4.7. Cancer Prevalence Analysis (PrevRa)
The BRETORA ratio of Prevalence 2+ mutations to BRETORA of Prevalence 1 mutations was analyzed. This characteristic was called PrevRa. This analysis was performed for the 10 most frequent cancer types in the dataset. For each cancer type, the analysis described in the BRETORA analysis item was first performed. Then, the PrevRa ratio was calculated from the summary table, and a heatmap was constructed reflecting this PrevRa value for each Purine_stretch_length in each cancer type.
5. Conclusions
Building upon these concepts, the investigation into the role of purine stretches in intergenic regions using the Cosmic dataset has revealed avoidance of purine stretches in intergenic regions by cancer mutations in many types of cancer. This avoidance was also dependent on the type of cancer.
The study also found a distinct shortening of purine stretches in cancerous tissue compared to normal tissue, reflecting potentially different strategies that cancer cells might use to modulate gene expression. This tendency for common cancer mutations to avoid purine stretches hints at the possible functional significance of purine stretches for cancer initiation, clonal expansion, or progression.

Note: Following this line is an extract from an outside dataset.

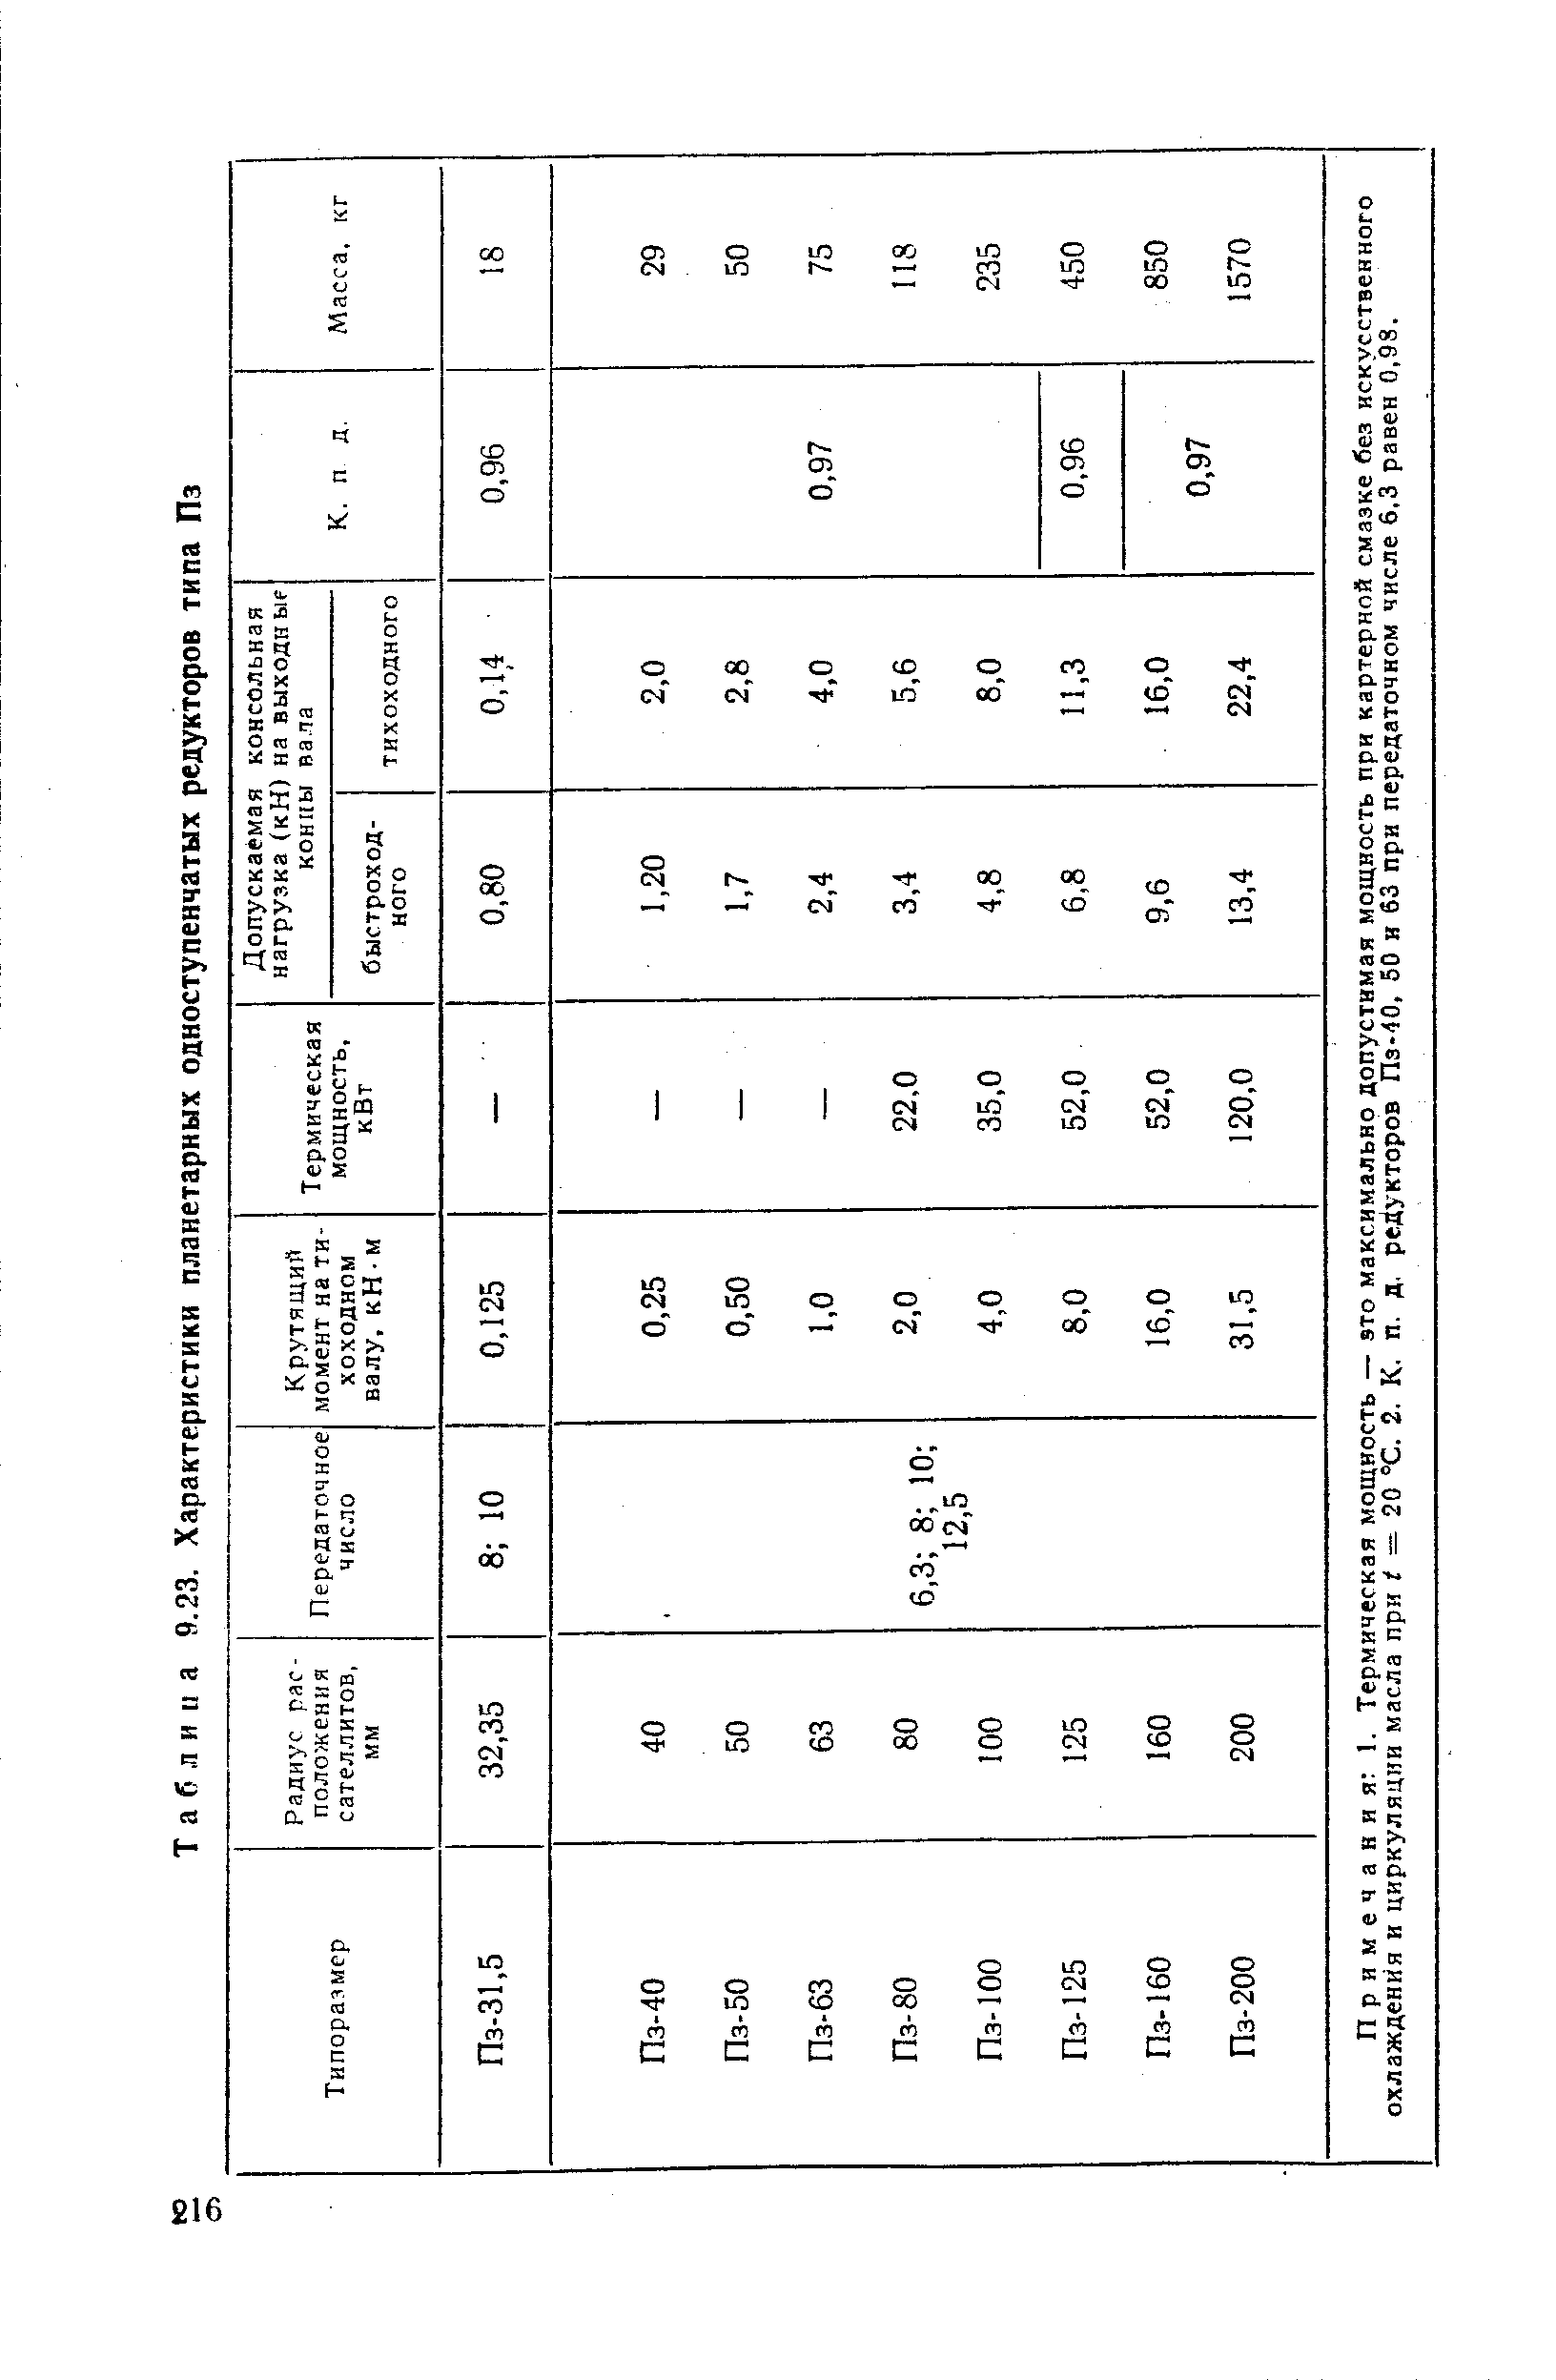 Таблица 9.23. Характеристики планетарных одноступенчатых редукторов типа Пз

In this study, we found a statistical shortening of purine stretches in cancer tumors, providing evidence that purine stacks play a significant role in chromatin organization and gene regulation. The importance of aromatic stacking was a key motivation for our research, and our findings suggest that the stability provided by purine stacking influences the observed mutational patterns. The shortening of purine stretches likely disrupts these stabilizing interactions, leading to changes in chromatin structure. While our results do not directly measure aromaticity, the dependence on purine stretch length supports the hypothesis that purine stacking is crucial for maintaining DNA stability and function.
These findings collectively support the hypothesis that purine stretches in promoters have functional importance, especially in complex gene regulation functions and chromatin restructuring. The variations in purine stretches associated with different cancer types may contribute to unique disease pathways, highlighting the functional importance of intergenic sequences and their electronic structures.
Our computational analysis provides a foundation for understanding purine stretches in cancer. Future experimental studies, such as targeted mutagenesis, DNA melting experiments, or spectroscopic analyses, could directly measure purine stretch properties and their alterations in cancer. Such work would complement our computational approach and further elucidate the role of purine stretches in cancer development.
Overall, the results provide evidence for the importance of purine stretches in cellular function and suggest a complex relationship with different types of cancer. This research is crucial in unraveling the function of delocalized electron structures in intergenic regions and particularly in cancer.